There appears to be a lack of concerted and cohesive policy for ensuring the health and safety and well-being of vulnerable people with disability who have heightened risk of contracting this disease due to the nature of their living conditions.
I note that the website for National Disability Services has information about protection of health and wellbeing of staff but no statement about ensuring protection for the health and wellbeing of the people for whom they provide supports and services. In fact the website also notes the following: “At this stage there is no formal advice from the National Disability Insurance Agency (NDIA) for providers relating to the coronavirus. We will monitor and when it becomes available, include this advice here.”
I am deeply concerned that as ever, vulnerable people with disability are low on the agenda for government. Even the recent announcements for targeted economic stimulus puts business ahead of the needs of people with disability.
Our organisation is an independent community-based systems and individual advocacy organisation and a community legal service for people with disability. Our mission is to promote, protect and defend, through systems and individual advocacy, the fundamental needs and rights and lives of the most vulnerable people with disability in Queensland.
QAI’s constitution holds that every person is unique and valuable and that diversity is intrinsic to community. As a Disabled Persons’ Organisation, people with disability comprise the majority of our board and their lived experience of disability is our foundation and guide.
We request that urgent explicit directives and actions are publicly made to promote and protect the health and well-being of people with disability with particular regard to those who are supported by direct support providers.

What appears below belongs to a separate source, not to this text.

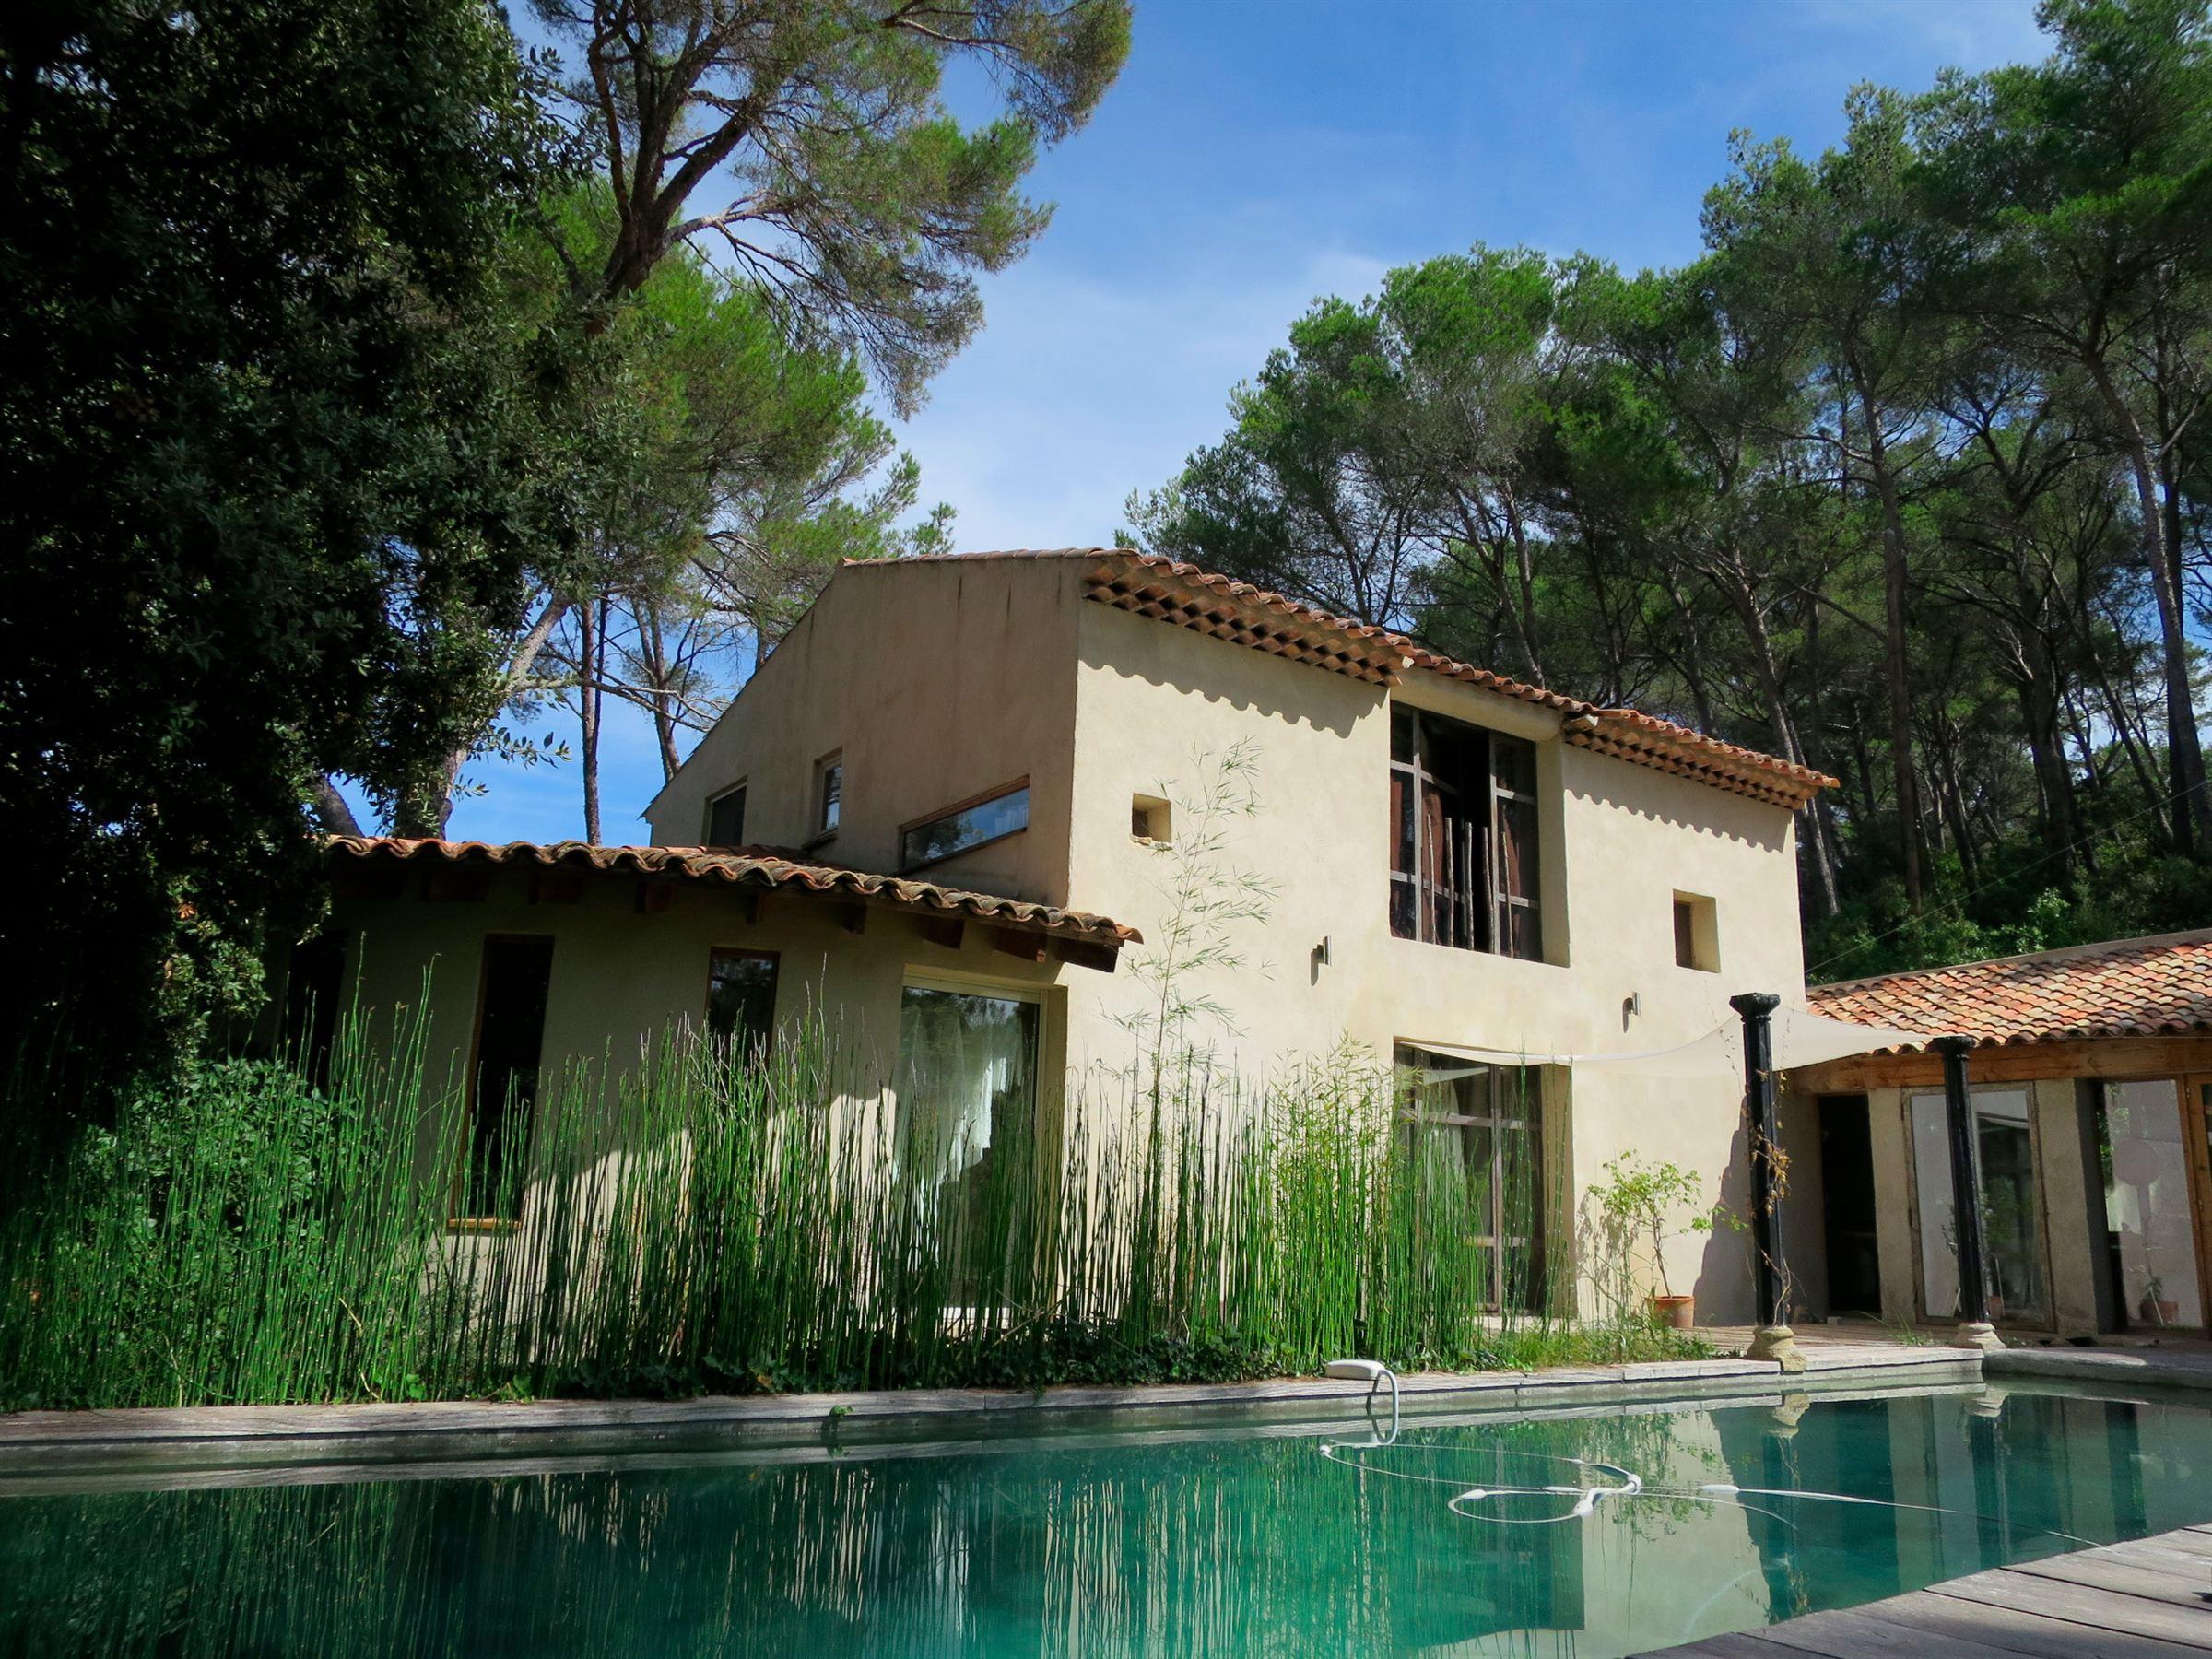 Single Family Home for Sale at AIX - LES TROIS SAUTETS Other Provence-Alpes-Cote D'Azur, Provence-Alpes-Cote D'Azur, 13100 France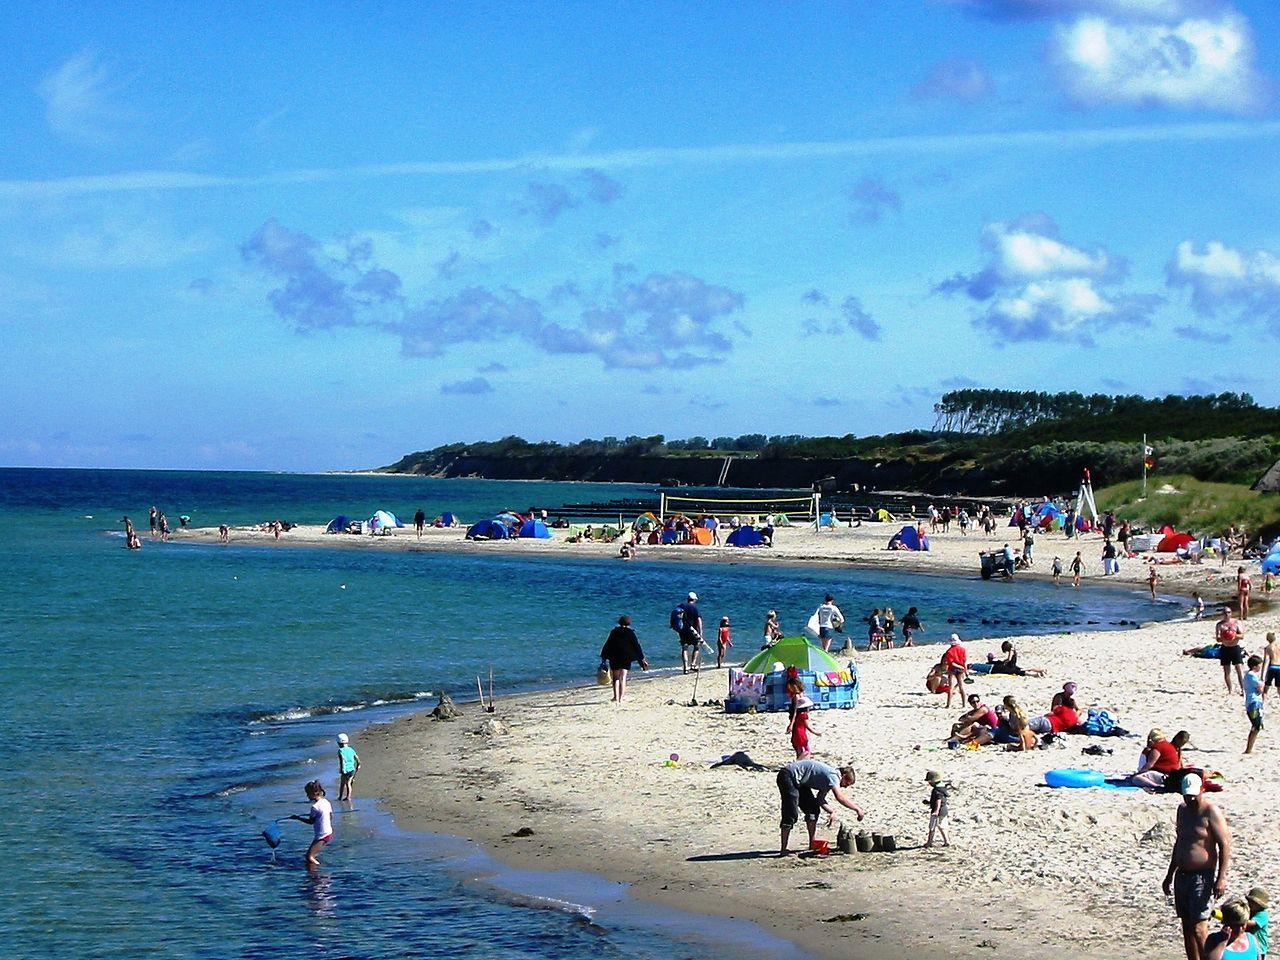 Datei:Wustrow (Fischland) Strand.JPG - Wikipedia

It is imperative that this is undertaken imminently for people living in congregate care arrangements where workers may come and go, and in some circumstances, where the premises may have multiple purposes. An example of this is a group home that was utilising a spare room as an informal respite service on an ad hoc basis.
Further to this we seek your urgent advice as to what procedures might be instigated if a number of people in shared care/living arrangements should become ill. Will they be sent to hospital? What measure will be implemented if people are confined to their homes? What protections will be implemented that do not in any way inhibit their rights to conduct their lives as other citizens in similar circumstances?
I look forward to your individual responses, so that I may convey them to other advocacy organisations across Queensland.
Yours sincerely,
Michelle O’Flynn
DIRECTOR | Queensland Advocacy Incorporated
Excellent reflection on the essential role of charities as employers and as providers of community infrastructure as well as important services. Very interesting suggestion that this is in fact a time to strengthen the charitable sector through investment leading to win win outcomes.
“What governments have repeatedly failed to recognise or accept is that the charities sector is the biggest employer in the country with over 1.3 million people employed across the sector.”
This figure is bandied about without any reference as to how it can be verified. Health Care and Social Assistance is the largest industry in Australia according to the census, (Labour force, detailed, quarterly, Nov 2017, cat. no. 6291.0.55.003) however, there are a total of 3 sub levels below this division.
The Health Care and Social Assistance area of the labour force of course includes many other participants in the workforce than those employed by charities. What exactly does Mr Crosbie mean by charities? Is he boosting the numbers of charity sector employees by including A N Z S I C (Q) classifications such as hospitals (including psychiatric hospitals), general practice and specialist medical services, dental services, pathology and diagnostic imaging services, allied health services etc? All of these are covered by the Health Care and Social Assistance industry. What is the real total?